The extent of occlusal contacts materializing as initially planned was reviewed by an investigator based on an anatomical classification of occlusal surfaces introduced by Delong et al. [15]. Image distortion due to different software applications precluded a computer-based analysis in the form of superposing screenshots of the posttreatment clinical and planning models [16]. ClinCheck® simulates the occlusal treatment goal in the form of green and red contacts (Fig. 4). Green contacts (summarized as red-to-green and green-to-green in Table 3) are key to a successful treatment outcome. Red contacts, by contrast, may materialize as intense or even premature contacts, which is why many clinicians routinely eliminate all red contacts during planning.

Our findings show, however, that red contacts materialize far less than green contacts, given an effectiveness of 13.4% versus 48.1%. Indeed, an initial median of 12 red contacts resulted in just one red and five green clinical contacts (Table 3). While 61.3% of green contacts materialized, only 2.1% of red contacts did (see Table 3). Any of the simulated contacts (red-to-red, red-to-green, green-to-green, green-to-red) were found to materialize in 72% and clinically ideal ones (red-to-green, green-to-green) in 59% of all instances. Given both of these approximately 60% rates of ideal and green-to-green contacts, eliminating the red contacts from the initial simulation does not make a difference. In other words, 40% of the simulated contacts will never materialize, and achieving about 60% of simulated contacts is adequate to ensure a clinically favorable contact pattern.

Spearman’s rank correlation coefficient was obtained, confirming a significant positive correlation (rho = 0.497) of green contacts in ClinCheck® with effective green-to-green contacts. In other words, the more red contacts are simulated in ClinCheck®, the more red-to-green contacts will develop clinically, which reaffirms that there is no need to remove each and every red contact in the ClinCheck® planning, as many of these red contacts will, in clinical reality, end up as ideal contacts by the end of treatment. The occlusion should, however, be checked not only immediately upon completion of treatment, but allowances should also be made for settling. Any overcorrections in the planning stage [17] can distort the effectiveness and precision of the clinical outcome, even though most of these deviations will be minor and clinically not relevant.

Limitations

The relatively small amounts of simulated expansion—given a maximum of 5.2 mm—may have increased the risk of error in placing reference points.

Conclusions

• Invisalign® therapies with SmartTrack® aligners involved a 45% effectiveness in achieving treatment objectives of transverse contraction or expansion. It is therefore possible to include overcorrections in the planning stage.

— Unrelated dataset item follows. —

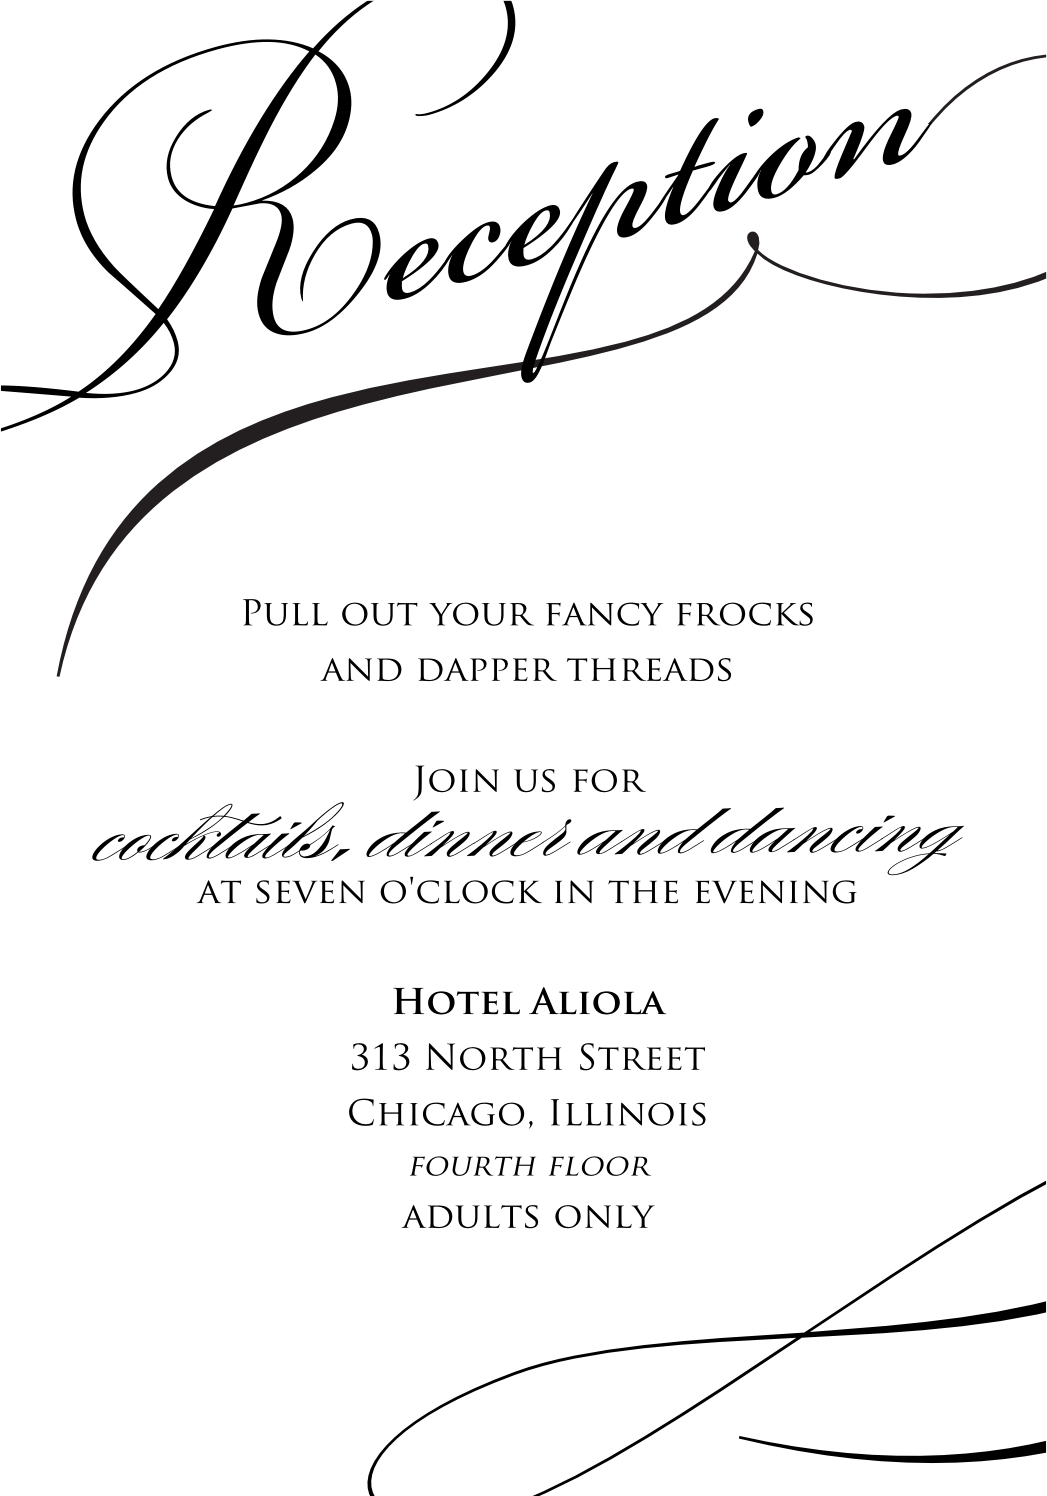 RECEPTION Amazing Stylish Black And White Wedding Reception Invitation Inspiration With Simple Words

• The effectiveness of achieving transverse values as planned was generally not increased with SmartTrack® compared to the previously used Ex30® material.

• Pretreatment by rapid maxillary expansion should be considered in some patients presenting large transverse discrepancies between the maxilla and mandible.

• Overcorrections are also an option in simulating occlusal contacts during the planning stage, given an effectiveness of 59.1% in achieving clinically ideal contacts.

• Any overcorrection in the planning stage will always, if to a minor or even irrelevant degree, reduce the precision of achieving the clinical outcome as simulated.

• Statistically significant discrepancies were observed between the simulated and the clinical outcomes of Invisalign® treatment with SmartTrack® aligners.